Updated

CHARLOTTE, N.C. (AP) — A toxicology report found no alcohol in Chris Henry's system after the Cincinnati Bengals receiver died in December from a fractured skull and other head injuries in what's been ruled an accident.

The full autopsy and toxicology reports were released by the Mecklenburg County medical examiner's office on Tuesday, nearly six months after Henry died when he came out of the back of a pickup truck driven by his fiancee.

No traces of alcohol were found. The toxicology report didn't include any other tests for drugs.

Witnesses told police Henry jumped into the back of the moving vehicle driven by Loleini Tonga in the driveway of her family home in Charlotte on the morning of Dec. 16 during a domestic dispute.

It remains unclear if Henry jumped or fell out of the truck while it was traveling about 19 mph on a windy road about a mile from the home. Henry was declared brain dead 18 hours later.
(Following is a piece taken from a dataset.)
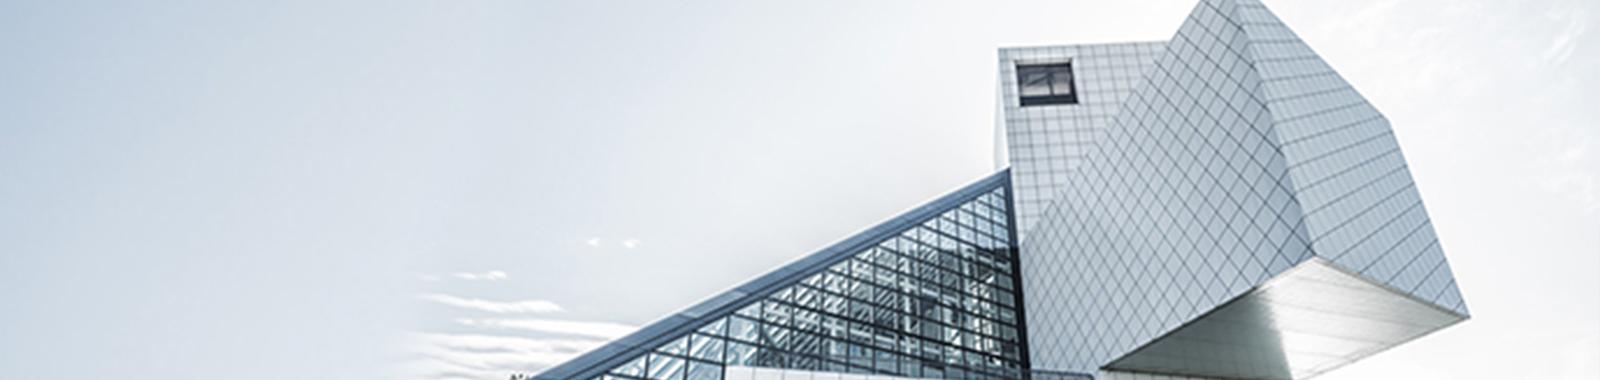 常德房地产m6米乐app官网下载建设,常德房地产m6米乐app官网下载设计方案

He was 26.

Tonga, who claimed in an interview with ESPN that Henry jumped from the truck, was not charged.

"While it is impossible to know the decedent's intent upon leaving the vehicle, whether it represented an intentional jump or an unintentional fall, either act would be classified as an accident," the report said.

The autopsy was done after Henry's family donated several of his organs, including his heart, lungs, liver, kidney, spleen and pancreas.

The report, which was signed off by Mecklenburg County medical examiner Dr. Christopher Gulledge on Friday, indicated Henry suffered numerous head injuries, including a fractured skull and brain hemorrhaging.

His brain was taken to the University of North Carolina at Chapel Hill for further examination, and was also donated to a group studying brain injuries among professional football players.

A witness said Henry, who was away from the Bengals after being placed on injured reserve with a broken arm, was agitated when he jumped into the truck bed.

Witness Lee Hardy told reporters he heard Henry say, "If you take off, I'm going to jump off the truck and kill myself."

A 911 caller told a dispatcher she saw a shirtless man wearing a cast "beating on the back of this truck window." A later 911 caller said he saw an unresponsive man laying on a curvy, residential road about eight miles northwest of downtown Charlotte.